See Dataset Aliases for details.


Common Update Patterns

Add New Files to Existing Dataset

Keep all existing files, add new ones:

import json

# Process and save new files
for i in range(10, 15):
    new_data = process_data(i)
    new_data.to_csv(f'/valohai/outputs/data_{i:03d}.csv')

# Add new files to dataset
metadata = {}
for i in range(10, 15):
    metadata[f"data_{i:03d}.csv"] = {
        "valohai.dataset-versions": [{
            'uri': "dataset://training-data/v2",
            'from': "dataset://training-data/v1",
            'start_fresh': False  # Keep all files from v1
        }]
    }

metadata_path = "/valohai/outputs/valohai.metadata.jsonl"
with open(metadata_path, "w") as outfile:
    for file_name, file_metadata in metadata.items():
        json.dump({"file": file_name, "metadata": file_metadata}, outfile)
        outfile.write("\n")

Result:

  • v2 = All files from v1 + data_010.csv through data_014.csv


Remove Specific Files

Exclude files that failed validation:

import json

# Files that failed quality checks
failed_files = ['corrupted_001.csv', 'outlier_042.csv', 'invalid_099.csv']

# Create new version without failed files
metadata = {
    "validation_report.txt": {  # Can add a new file too
        "valohai.dataset-versions": [{
            'uri': "dataset://clean-data/v2",
            'from': "dataset://clean-data/v1",
            'start_fresh': False,
            'exclude': failed_files  # Remove these
        }]
    }
}

# Save validation report
with open('/valohai/outputs/validation_report.txt', 'w') as f:
    f.write(f"Removed {len(failed_files)} files\n")
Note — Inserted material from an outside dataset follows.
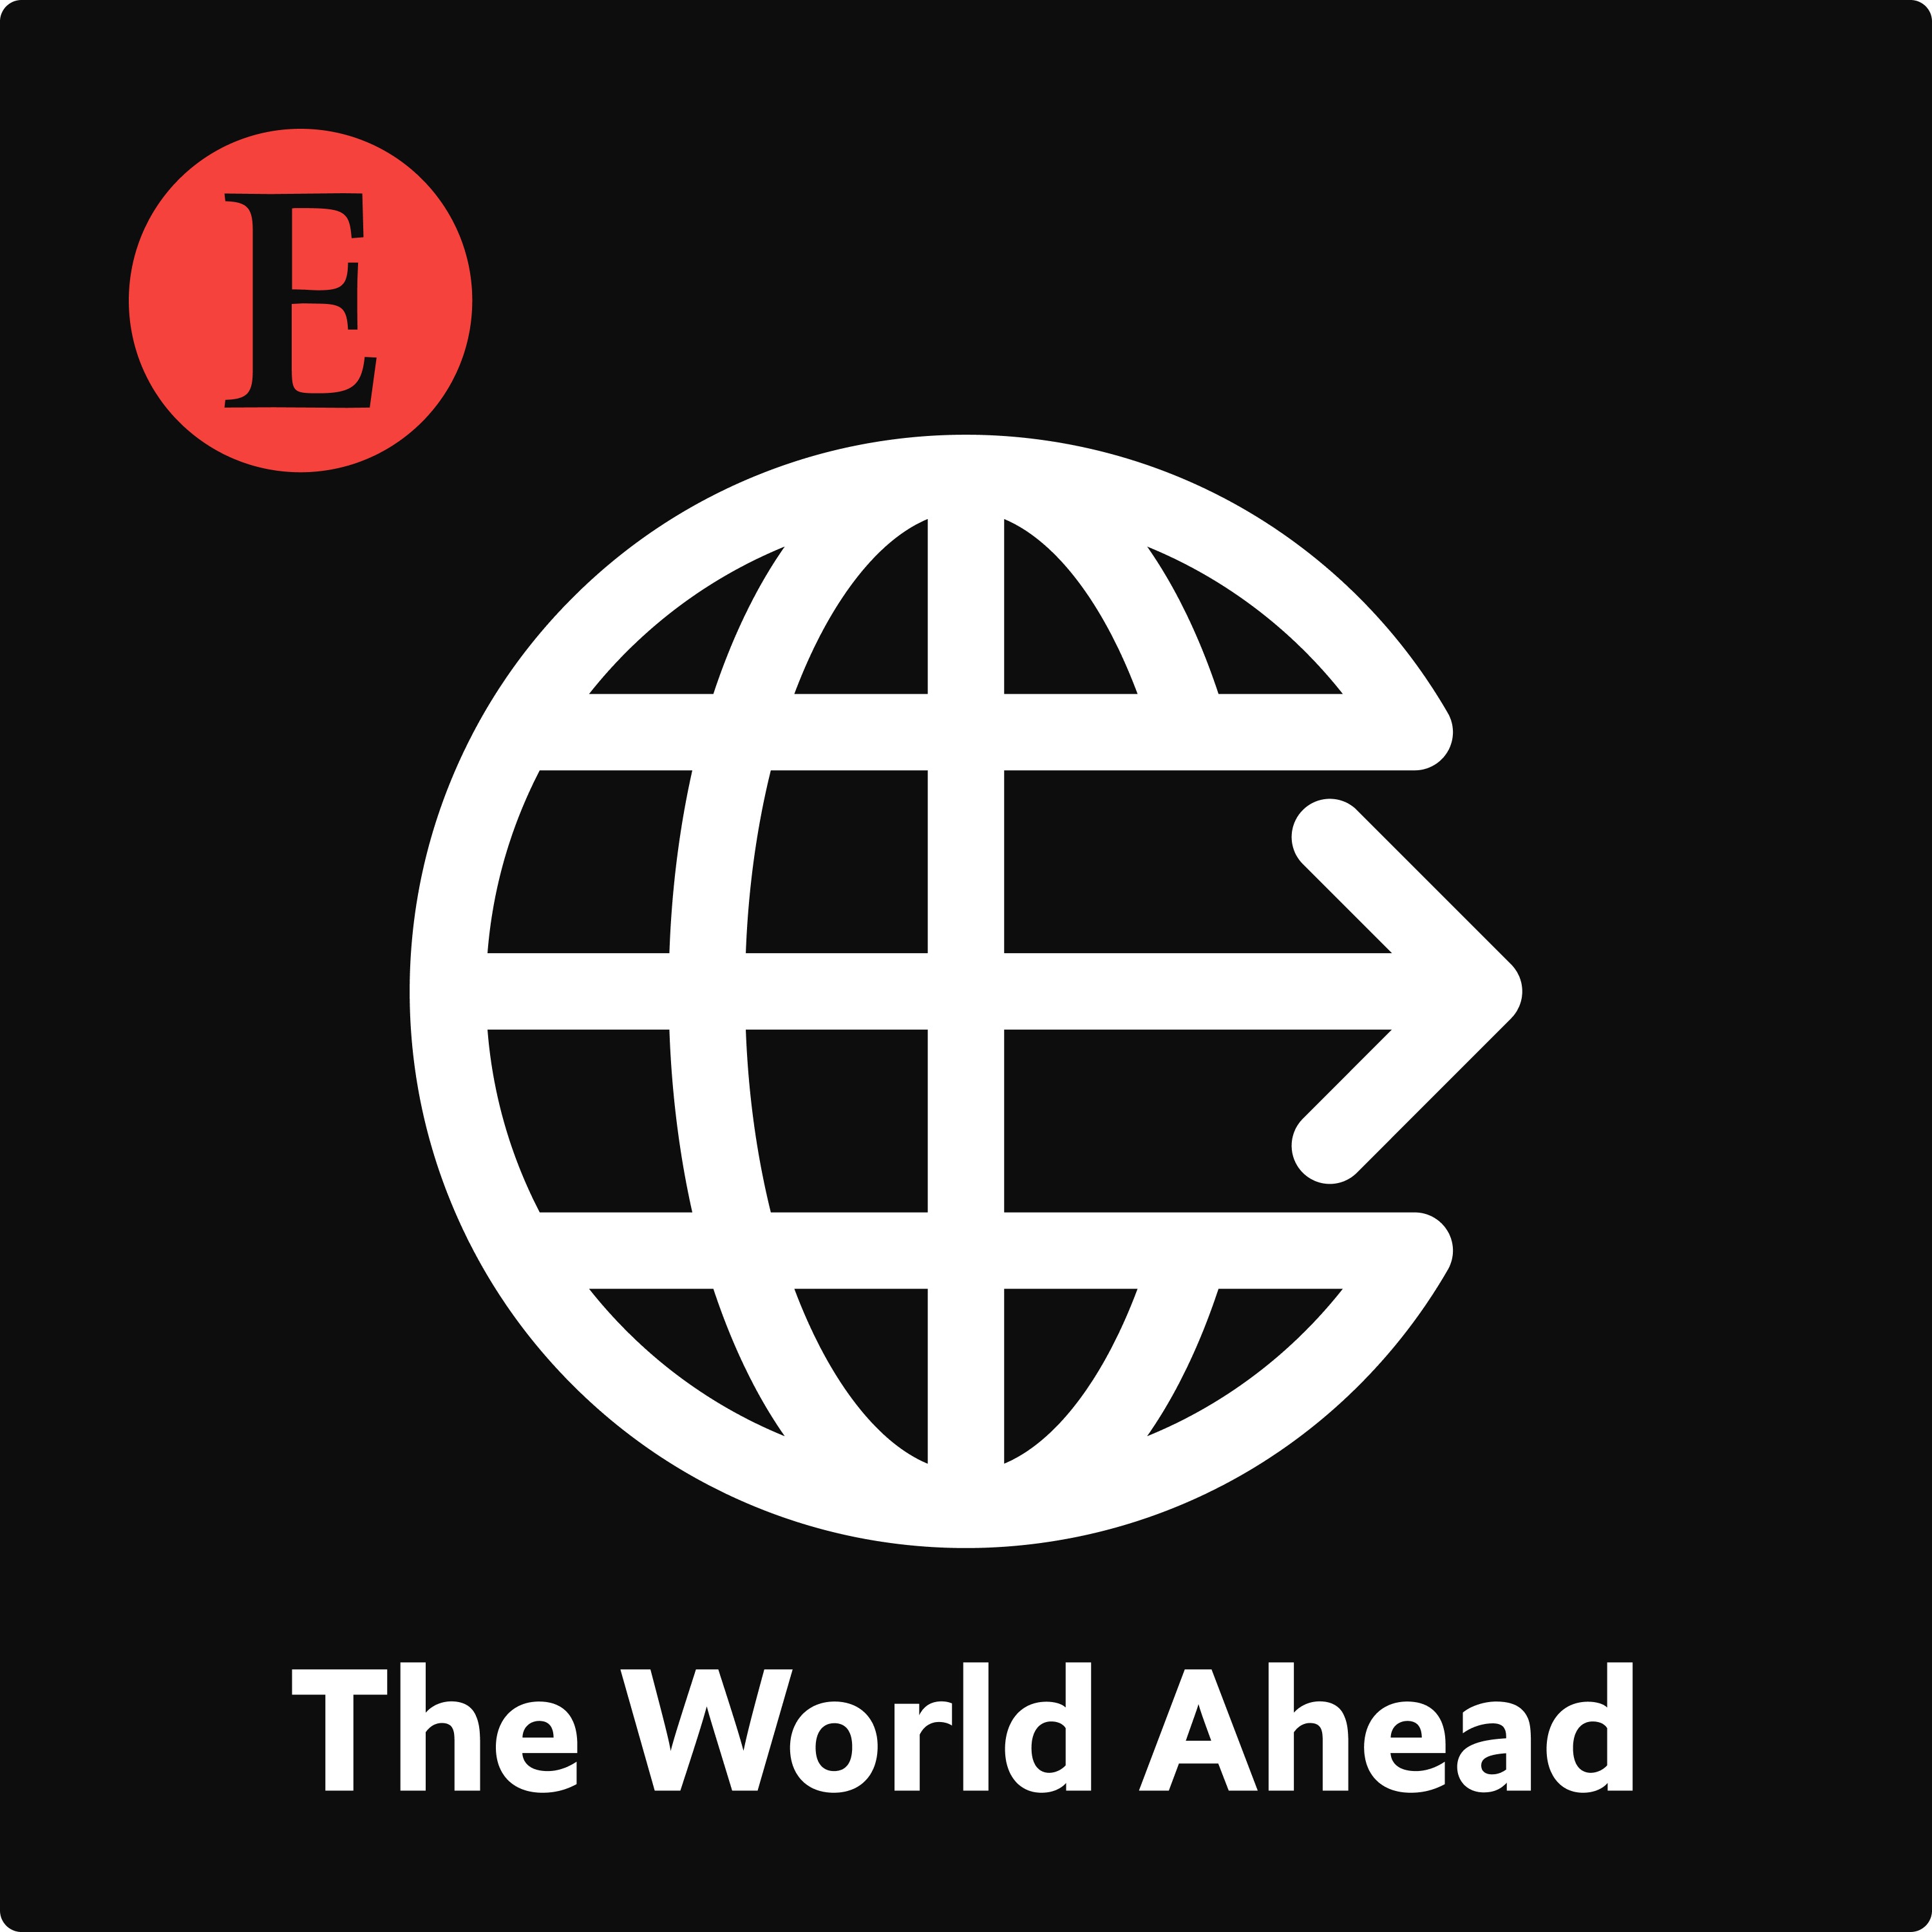 The World Ahead from The Economist podcast

metadata_path = "/valohai/outputs/valohai.metadata.jsonl"
with open(metadata_path, "w") as outfile:
    for file_name, file_metadata in metadata.items():
        json.dump({"file": file_name, "metadata": file_metadata}, outfile)
        outfile.write("\n")

Result:

  • v2 = All files from v1 except the three failed files + validation report

⚠️ validation_report.txt file can't be excluded from the dataset version - even if added to the list of excluded files!


Replace Specific Files

Exclude old files and add updated versions:

import json

# Save updated files
updated_data.to_csv('/valohai/outputs/data_001.csv')  # New version of data_001
updated_data.to_csv('/valohai/outputs/data_005.csv')  # New version of data_005

metadata = {
    "data_001.csv": {
        "valohai.dataset-versions": [{
            'uri': "dataset://my-data/v3",
            'from': "dataset://my-data/v2",
            'start_fresh': False,
            'exclude': ['data_001.csv', 'data_005.csv']
        }]
    },
    "data_005.csv": {
        "valohai.dataset-versions": [{
            'uri': "dataset://my-data/v3",
            'from': "dataset://my-data/v2",
            'start_fresh': False,
            'exclude': ['data_001.csv', 'data_005.csv']
        }]
    }
}

metadata_path = "/valohai/outputs/valohai.metadata.jsonl"
with open(metadata_path, "w") as outfile:
    for file_name, file_metadata in metadata.items():
        json.dump({"file": file_name, "metadata": file_metadata}, outfile)
        outfile.write("\n")

Result:

  • v3 = All files from v2 except old data_001.csv and data_005.csv + new versions


Create a new version lineage without inheriting files:

import json

# Create completely new dataset version
new_data.to_csv('/valohai/outputs/new_approach.csv')

metadata = {
    "new_approach.csv": {
        "valohai.dataset-versions": [{
            'uri': "dataset://experiments/v2",
            'from': "dataset://experiments/v1",
            'start_fresh': True  # Don't include any files from v1
        }]
    }
}

metadata_path = "/valohai/outputs/valohai.metadata.jsonl"
with open(metadata_path, "w") as outfile:
    for file_name, file_metadata in metadata.items():
        json.dump({"file": file_name, "metadata": file_metadata}, outfile)
        outfile.write("\n")

Result:

  • v2 = Only new_approach.csv (no files from v1)

  • Version history shows v2 was based on v1 (for tracking)

Use case: You want to track version lineage (this experiment followed that one) but don't want to inherit data.


Create A/B Test Variants

Split dataset into two variants for comparison:

import json

# Save a marker file for each variant
with open('/valohai/outputs/variant_a_marker.txt', 'w') as f:
    f.write("Variant A configuration\n")

# Variant A: Exclude group B files
metadata = {
    "variant_a_marker.txt": {
        "valohai.dataset-versions": [{
            'uri': "dataset://ab-test/variant-a",
            'from': "dataset://ab-test/baseline",
            'start_fresh': False,
            'exclude': ['group_b_001.csv', 'group_b_002.csv', 'group_b_003.csv'],
            'targeting_aliases': ['current-a']
        }]
    }
}

metadata_path = "/valohai/outputs/valohai.metadata.jsonl"
with open(metadata_path, "w") as outfile:
    for file_name, file_metadata in metadata.items():
        json.dump({"file": file_name, "metadata": file_metadata}, outfile)
        outfile.write("\n")

Run a second execution for Variant B that excludes group A files instead.


Update via Web UI

The UI provides a simpler way to create new versions based on existing ones.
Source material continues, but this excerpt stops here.